2024 Workshop: Ionospheric Scintillation and Plasma Density Irregularities
Leslie Lamarche
Toshi Nishimura
Matthew Zettergren
Diana Loucks
This session will focus on ionospheric scintillation in the presence of plasma density structures at the mid- to high-latitudes. Such plasma structuring is often enhanced during geomagnetically disturbed times (e.g., geomagnetic storms and auroral substorms), and causes increased scintillation compared to quiet times. Plasma density gradients set up by energetic particle precipitations, often from magnetotail activity, leads to both refractive and diffractive effects on radio waves propagating through the ionosphere from a GNSS satellite to a ground-based receiver. Here we aim to examine ionospheric plasma structure and stability in relation to GNSS phase and amplitude scintillation. Presentations on the development of plasma irregularities related to scintillation, and the specific processes of diffractive and refractive scintillation are encouraged.

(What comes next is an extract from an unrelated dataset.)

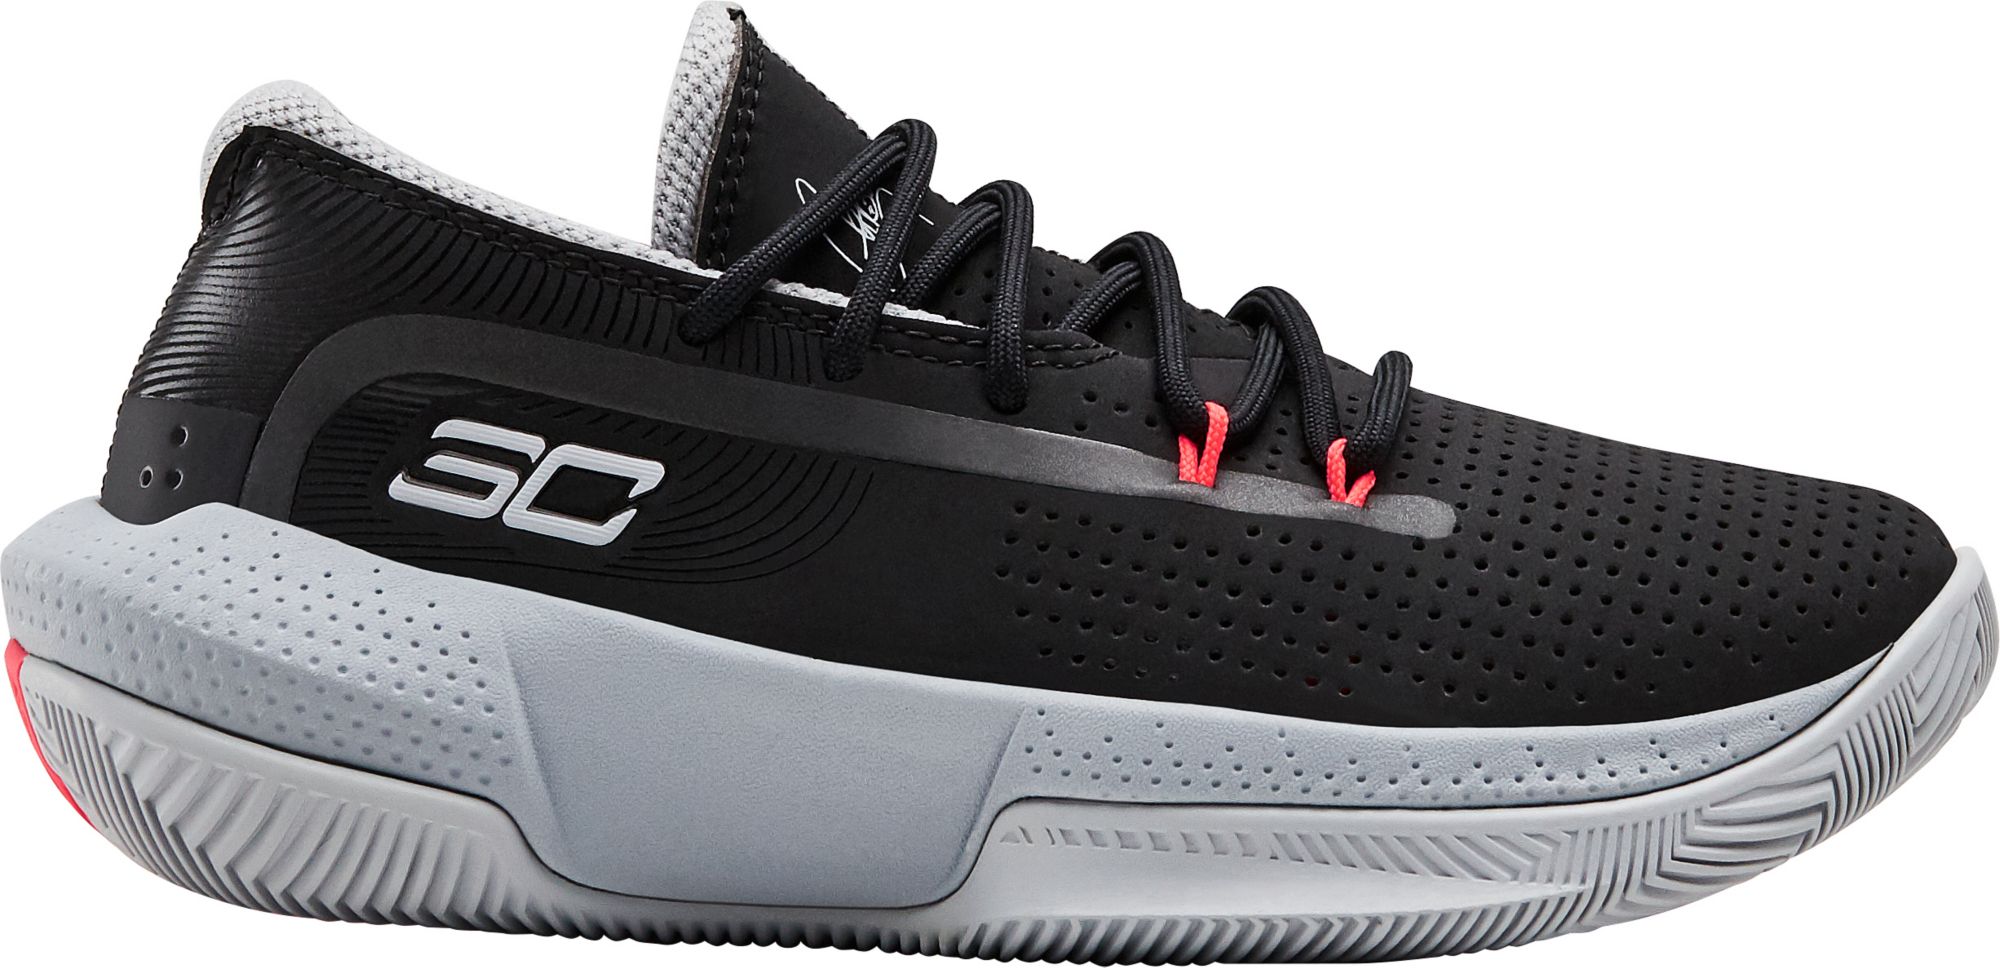 Curry 3Zer0 3 Basketball Shoes

Phase and amplitude scintillation of GNSS radio waves traveling from satellites to receivers through ionospheric plasma at mid- to high-latitudes leads to reduced ability to obtain accurate position, navigation and timing (PNT), which impacts a variety of societally important operational systems. It is clear that plasma density enhancements in the high- to mid-latitudes during geomagnetically active times contribute to this problem, modifying both refractive and diffractive effects. These mesoscale plasma density structures undergo spatio-temporal evolution as the scintillation is occurring. Many questions remain unanswered about the distinct effects on GNSS scintillation induced by a wide variety discrete auroral structures. Phase and amplitude scintillation both occur in these regions, but their similarities and differences in altitude, magnetic latitude and magnetic latitude are still widely debated. In addition, with regard to diffractive scintillation, it is unclear what plasma instability magnifies the density irregularities to cause appreciable effects. Finally, several indices (ROTI, sigma_phi, S_4, IFLC, etc.) are often applied to characterize scintillation effects, and the indices do not always agree, and also vary in relation to optical Fresnel radius and frequency. In short, ionospheric scintillation is a unified topic of study with many questions in need of resolution through focused community-wide collaborative efforts.
A wide variety of observational and instrumentation strategies apply to this topic as well, including scatter radars, GPS satellites and receivers, ground magnetometers and all-sky imagery. Data assimilation techniques and total electron content maps, both data-based and model based, are often used in order to study local and global plasma density structuring in response to solar wind driving of the magnetosphere-ionosphere system. These approaches, when integrated, will allow further clarification of the general geospace system and its dynamical evolution.